• _What you should do_: A full, word-for-word copy of the listing below is needed; leave the images out of it.

• _Dataset content_:
[Start of section]

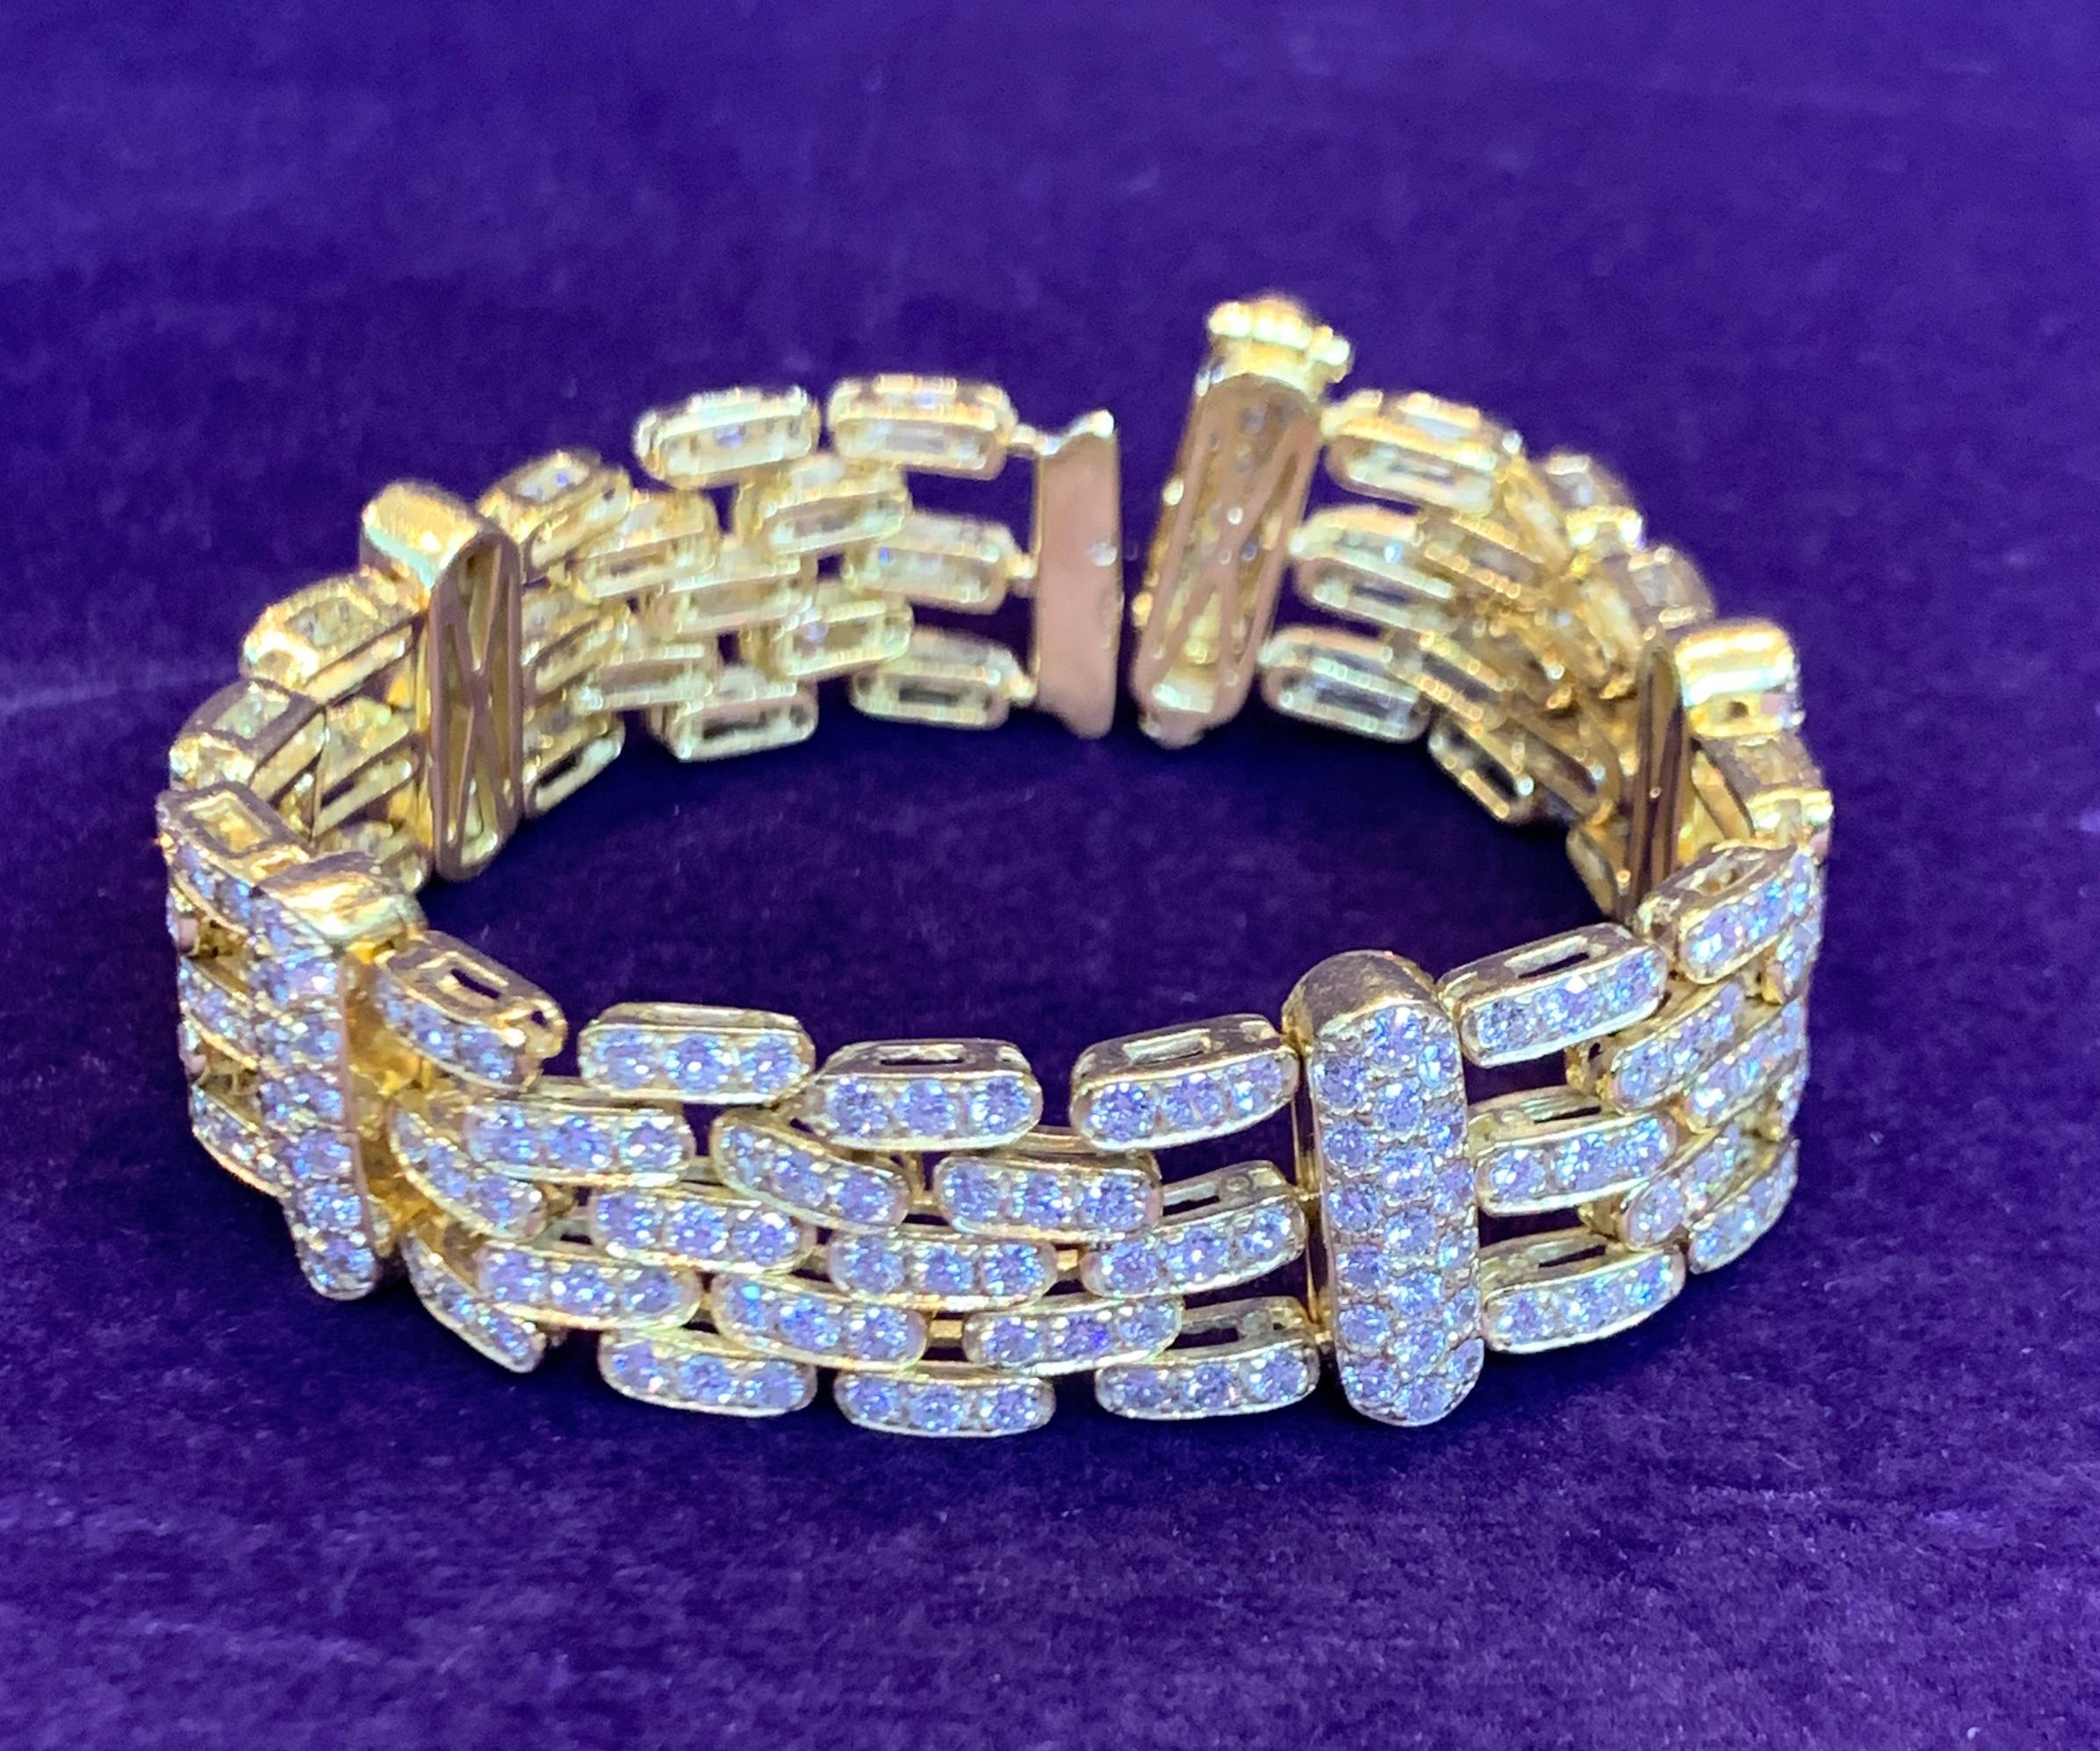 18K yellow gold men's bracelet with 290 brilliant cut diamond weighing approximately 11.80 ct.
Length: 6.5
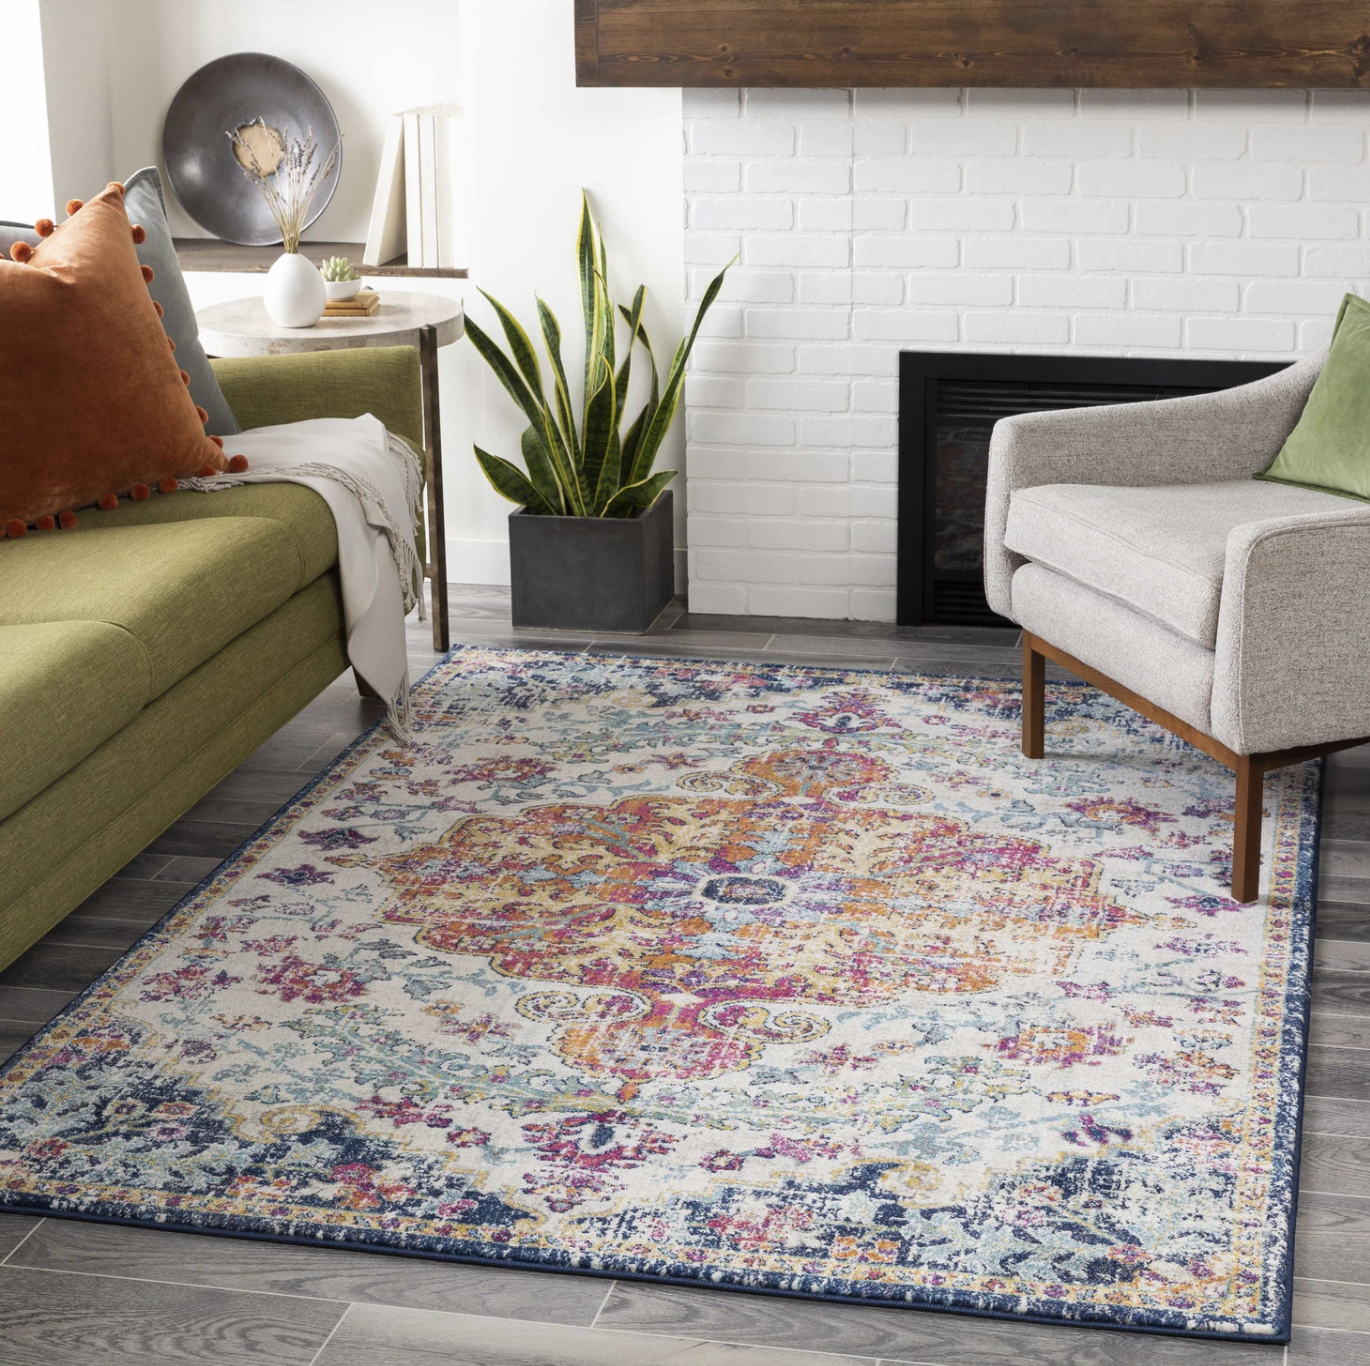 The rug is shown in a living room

[End of section]

• _Answer below_:
 18K yellow gold men's bracelet with 290 brilliant cut diamond weighing approximately 11.80 ct.
Length: 6.5
 The rug is shown in a living room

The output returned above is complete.